Licensing opportunities in emerging markets with high influenza burden.

Key Takeaways

Laninamivir remains approved and marketed in Japan as Inavir, with sales peaking around $90 million annually.
Its development outside Japan has stagnated, with no recent pivotal trials or approvals.
The upcoming patent expiry in Japan could reduce revenues unless new formulations or indications are pursued.
The global market is limited, constrained by competition and regulatory barriers, but inhaled formulations may find niche interest.
Future growth hinges on innovative delivery methods, resistance management strategies, and potential licensing deals.

FAQs

Q1: What are the primary advantages of laninamivir over other neuraminidase inhibitors?
Laninamivir is inhaled, enabling direct delivery to the respiratory tract, which may improve bioavailability and reduce systemic side effects compared to oral antivirals.

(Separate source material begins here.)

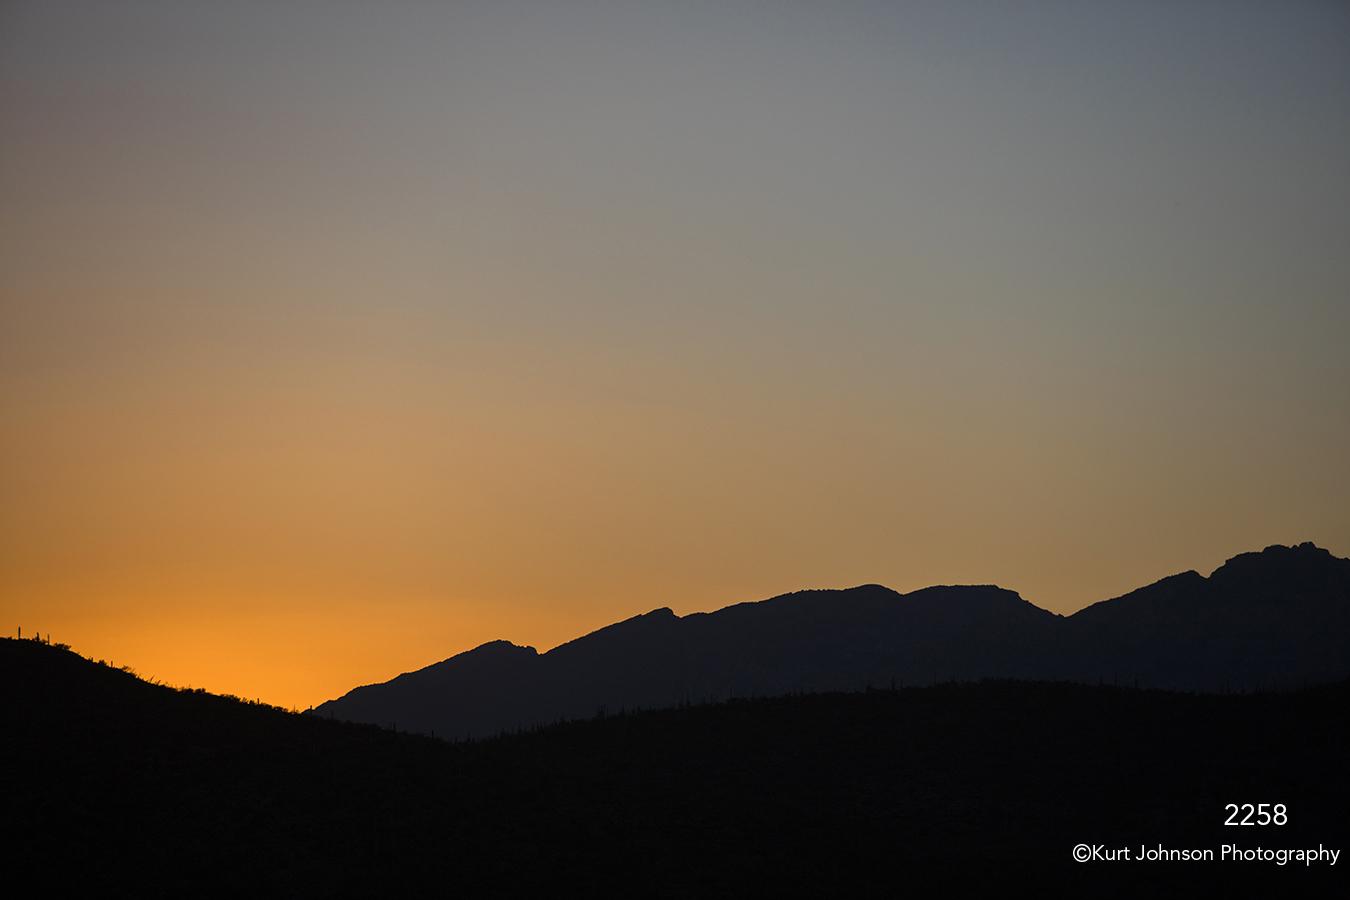 southwest mountains desert sunset orange yellow
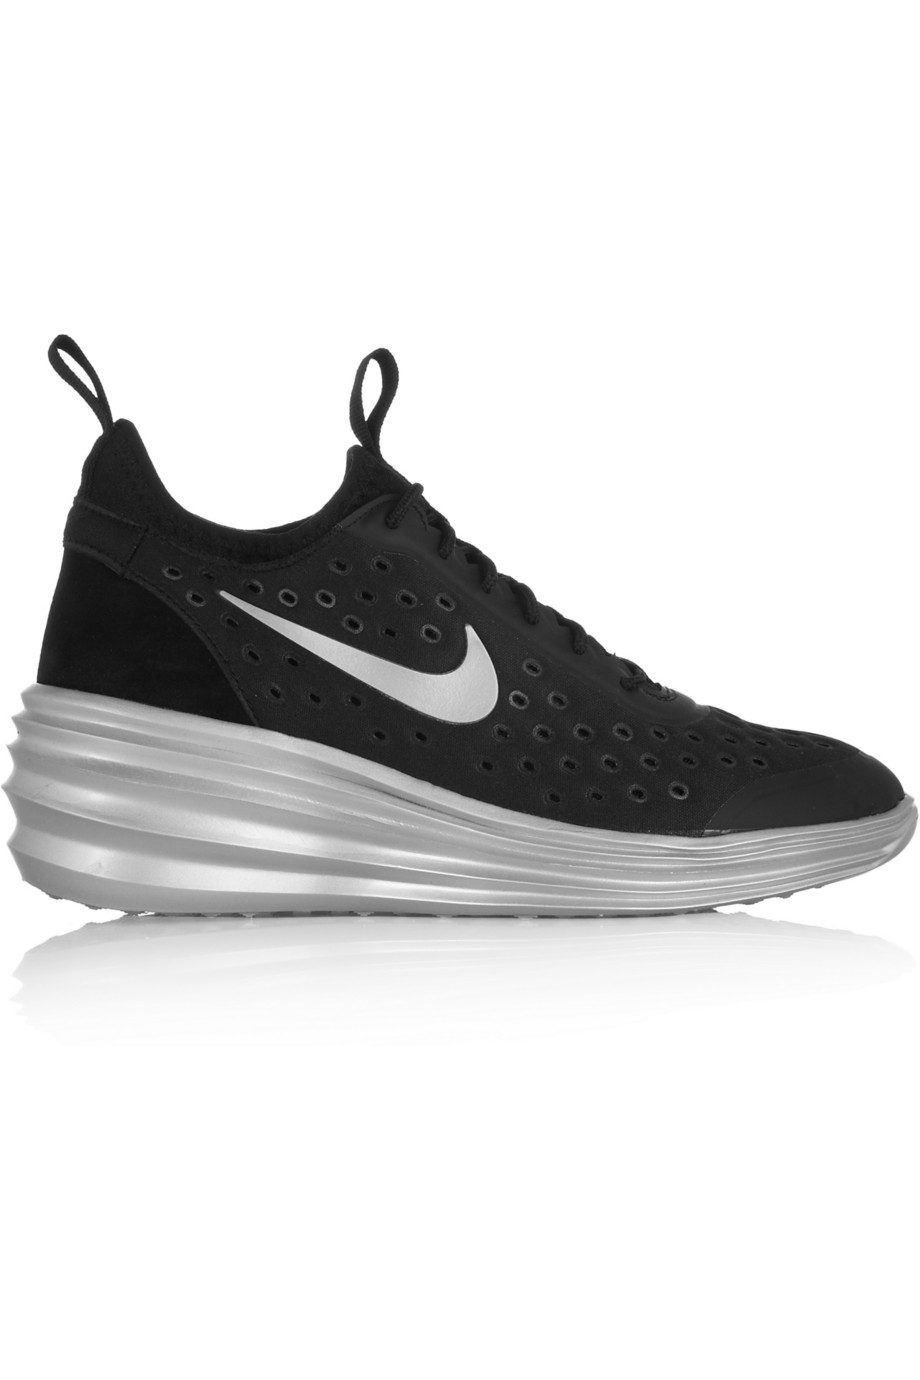 Nike LunarElite Sky Hi Canvas and Suede Wedge Sneakers

Q2: Are there any ongoing efforts to expand laninamivir's use beyond Japan?
Currently, no publicly announced large-scale clinical trials or regulatory submissions aim at global approval; development mostly focuses on enhancing formulations and targeting resistant strains.

Q3: How does patent expiration affect laninamivir's market prospects?
Patent expiry around 2025-2026 is likely to lead to generic entry in Japan, potentially reducing prices and margins, unless new formulations or indications are developed.

Q4: What competitive threats exist from other influenza antivirals?
Oral drugs like oseltamivir and baloxavir marboxil possess established market presence; Xofluza offers a single-dose alternative, further strengthening competition.

Q5: Could laninamivir find a role in pandemic preparedness?
Possibly. Its inhaled route and efficacy profile could support stockpiling strategies, especially if formulations suited for mass distribution or resistant strains are developed.

Sources
[1] Daiichi Sankyo Annual Reports and Market Data, 2022.